The Comparison Table Hiding Inside the Chatbot

Most people assume the chatbot is a search bar with better manners. It’s closer to a buyer’s assistant that has already built the shortlist before the conversation starts. Ask it which cordless vacuum to buy and you no longer get ten blue links. You get a tidy table: three or four picks across the top, price and battery life down the side, and a short recommendation at the bottom.
That small format change rewired how everyday purchases get considered. And almost every assumption people still carry about it is a little bit off.
Myth: Shoppers Only Use Chatbots for Novelty Questions
The first wave of coverage framed AI assistants as toys. People asked them to write wedding toasts and name the dog. The purchase use case was supposedly years out.
The behavior has already shifted. That’s not a novelty number. It’s a mainstream input into the funnel, sitting alongside reviews, store visits, and recommendations from friends.
Brands that still treat chatbot answers as a side channel are the ones most likely to be absent from the table when the shortlist gets built. A capable SEO agency now treats visibility inside those answers as part of the same job as ranking in Google, not a separate experiment with its own budget line.
Myth: The Bot Just Repeats the Top Google Result
Plenty of marketers still believe that a product ranking well in classical search will show up in the chatbot’s answer by default. The output is doing something more specific than that.
Since OpenAI’s spring 2025 shopping update, ChatGPT answers for considered purchases arrive as side-by-side comparisons rather than a single hero link, scoring items on price, features, and best-use case.

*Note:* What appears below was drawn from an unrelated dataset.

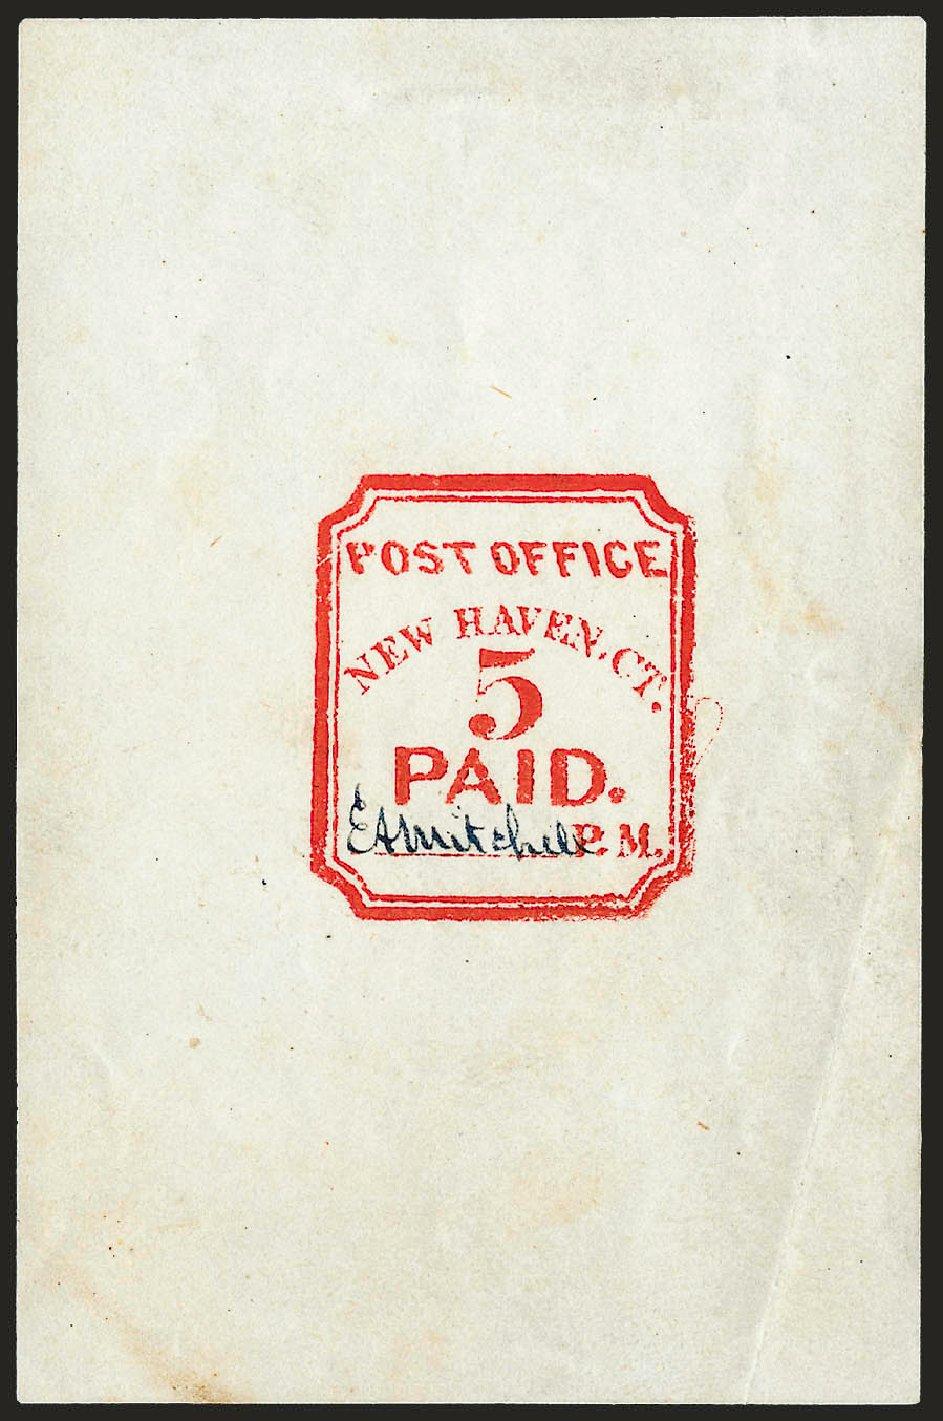 Price of US Stamp Scott 8XU1 - 5c 1845 New Haven Postmasters Provisional. Robert Siegel Auction Galleries, Dec 2008, Sale 964, Lot 12

Qualitative research with shoppers has reinforced the pattern: people especially like being able to ask the table to be re-sorted or re-filtered on the fly, which no static buyer’s guide on a retailer page can do.
The implication for brands is unglamorous. You’re not optimizing to be the top answer. You’re optimizing to be one of the three or four columns, with the attributes the model will actually surface.
Myth: A Recommendation From the AI Is Neutral
The output reads like a disinterested friend doing homework for you. Remember that the model is a system with defaults, prompts, and training choices behind it.
A behavioral experiment on a GPT-4-powered shopping assistant found that about 36% of participants switched their product choice when researchers reversed the assistant’s steering direction, and they rated the steered product noticeably more attractive without noticing they’d been nudged. Shoppers should read the table the way they’d read a magazine’s "editor’s pick," not a lab result. Brands should pay attention to the attributes the model is scoring on, because small changes in how a product page describes itself can move which column it occupies.
Myth: Being in the Table Is the Same as Being Clicked
A lot of planning still assumes the goal is a visit. Get the user to click through, land them on the product page, convert them there. The chatbot shortlist has loosened that chain.
Plenty of users read the comparison, pick a winner, and go straight to a known retailer or marketplace to complete the purchase. The brand that "won" the table may never see a referral click. Measurement has to adapt or the channel will look like it’s doing nothing while it’s actually doing the selling. A few practical adjustments help:
- Track mentions, not just sessions. Monitor how your product is described inside AI answers for your core category prompts, not only what shows up in analytics.
- Audit the attributes. Check which specs and claims the chatbot picks up from your pages and which it pulls from third parties, then tighten the ones you control.
- Shore up corroboration. Independent reviews, press mentions, and structured data on your own site all feed what the model is willing to say about you.
What the Shortlist Actually Rewards
The common thread across these myths is simple: the chatbot is a shortlist builder, not a search engine with a chat interface stapled on. It reads from a wider pool of sources than a single search result page, formats the answer as a comparison before the user asks, and leaves the final click optional.
For shoppers, that’s mostly good. Faster research, less tab-juggling, a usable table in seconds. For brands, the competition has gone quieter. You’re no longer trying to win the page. You’re trying to earn a column.